Posted 02-15-2008 at 01:54 AM by fragment

I'm trying to post a little bit here about the books I read... I got round to writing brief notes on these ones before I went on holiday, but not as far as posting it. Here ya go. I'll try to catch up on the ones I read while on holiday sometime soon.

Paul R Ehrlich & Anne H Ehrlich, A Betrayal of Science and Reason: How Anti-Environmental Rhetoric Threatens Our Future. Pretty much what the subtitle says. I didn't find this the most engaging reading, and skimmed over the parts I wasn't that interested in. The main thing that struck me is the way that, in the eleven years since this was published, the public debate about global warming has moved on hardly at all, despite numerous scientific advances in that time. If anything critics of climate science seem to have become more entrenched, and some of them are still repeating stale arguments that have been answered numerous times.
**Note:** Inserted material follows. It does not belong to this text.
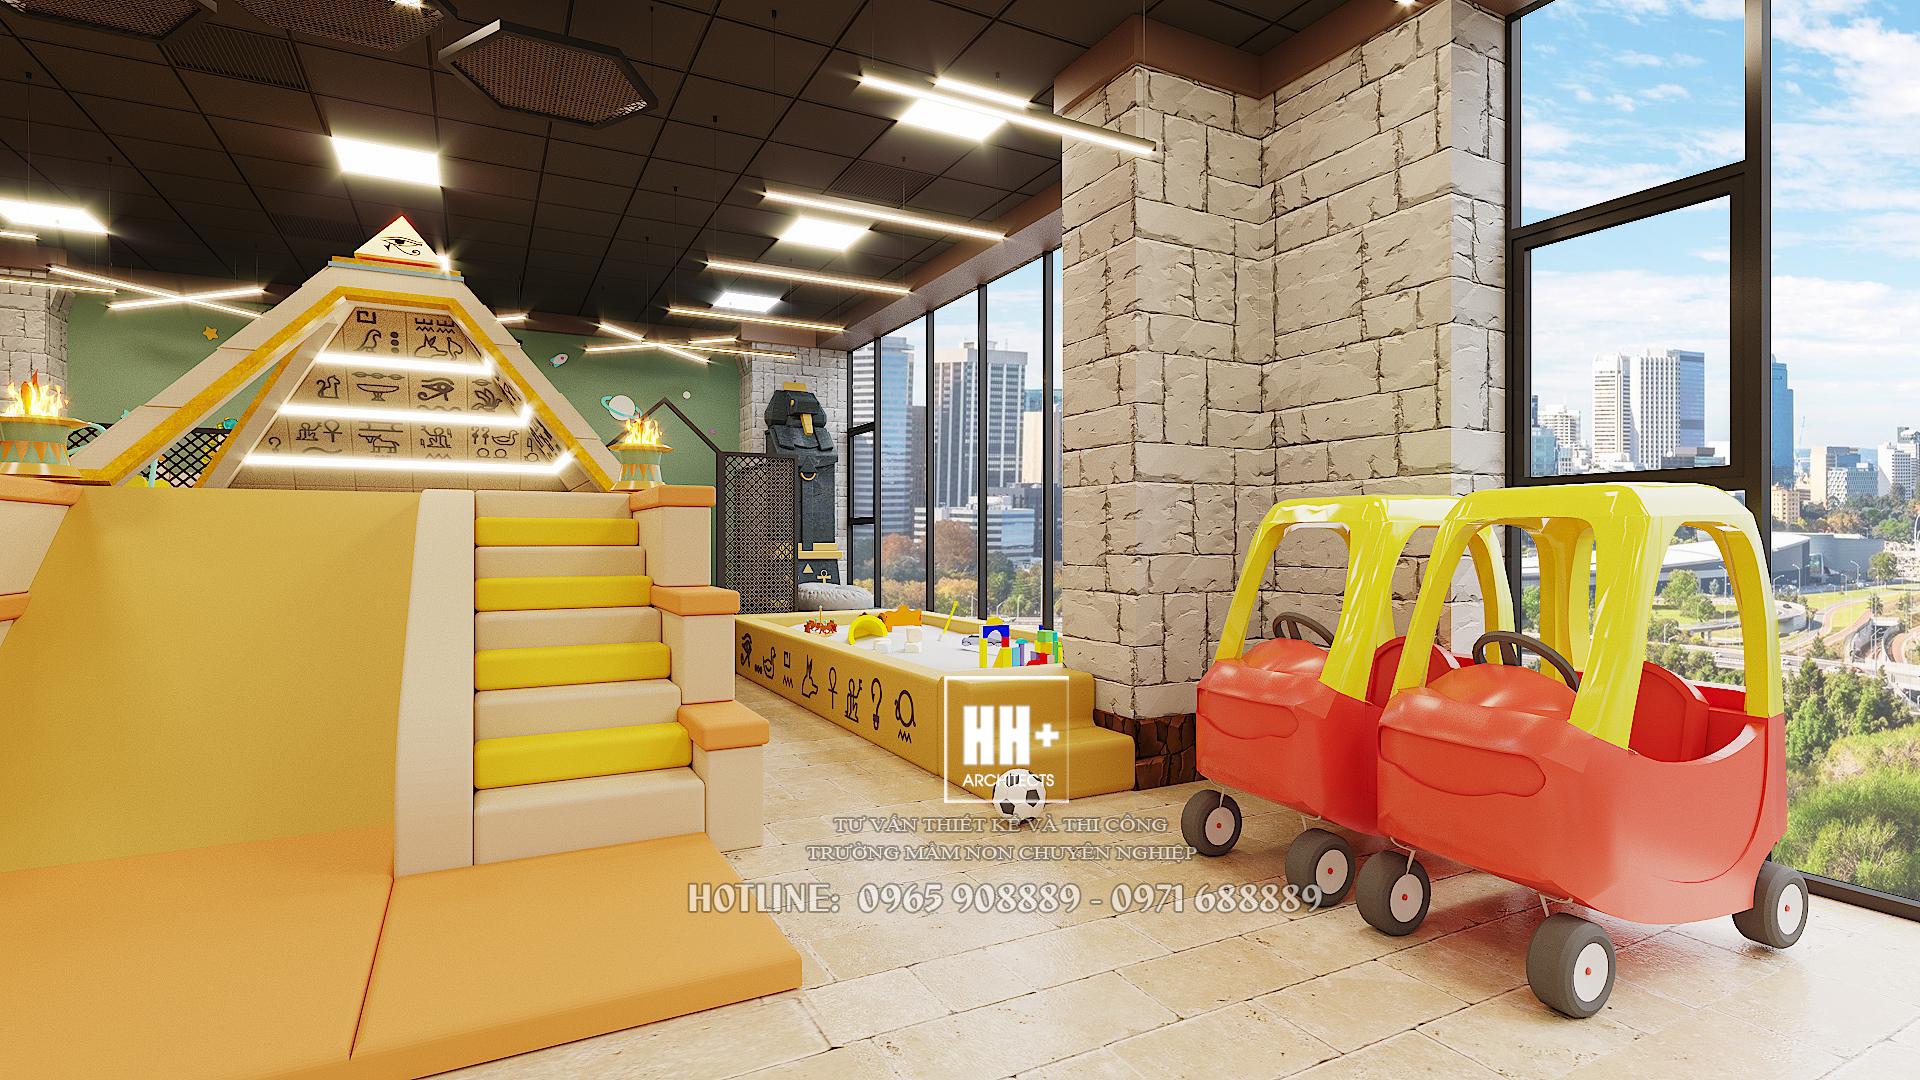 9 Thiết kế khu vui chơi trẻ em Thiết kế khu vui chơi trẻ em Hello World 9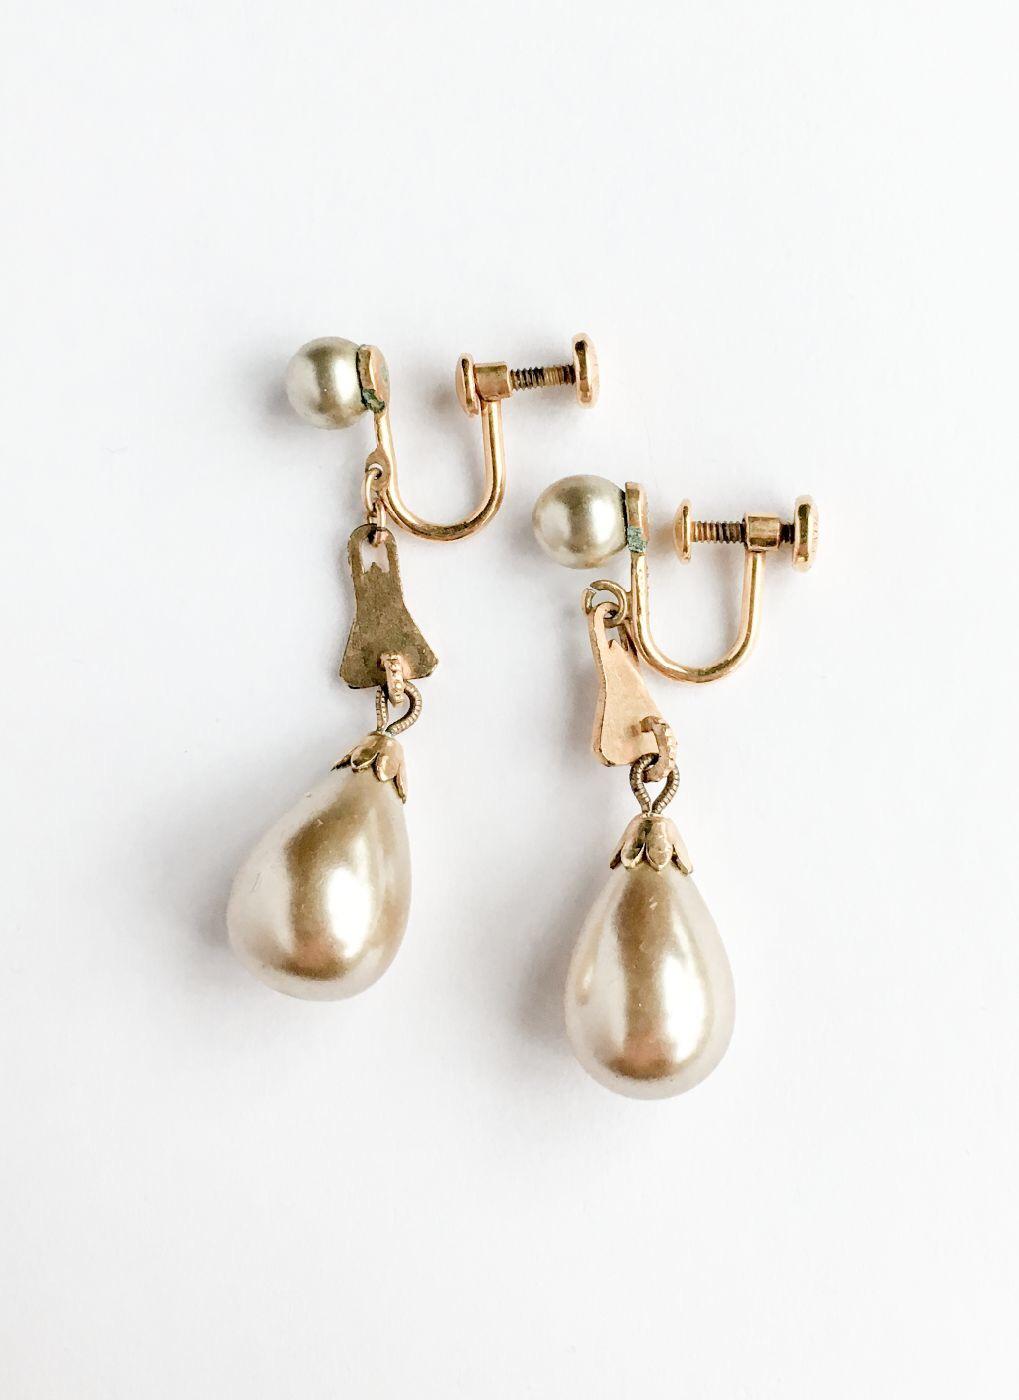 COMING SOON! 1920s 30s Heisey pearl drop earrings

Mark Lynas, Six Degrees: Our Future on a Hotter Planet. A degree (celsius) by degree breakdown of what sort of impacts we could be facing from global warming. I wasn't going to read this, as it sounded like it was veering further to the utter catastrophe side of climate scenarios than is scientifically justifiable. Then I read this review on RealClimate and thought I'd give it a chance. Well, I'm still not sure, the first part of the book seemed pretty reasonable, but later and hotter chapters get harder to swallow. Are methane hydrate releases really going to happen? Is a cascade of positive feedbacks really likely to happen? Is the end-Permian extinction really a useful analogue for the hottest scenarios? I'm not qualified to judge - and despite my reservations this is a well-researched book with an impressive list of references from the scientific literature. It's probably best to read this as a set of worst-case scenarios that should be considered, and used as the basis of a risk-averse approach to climate change.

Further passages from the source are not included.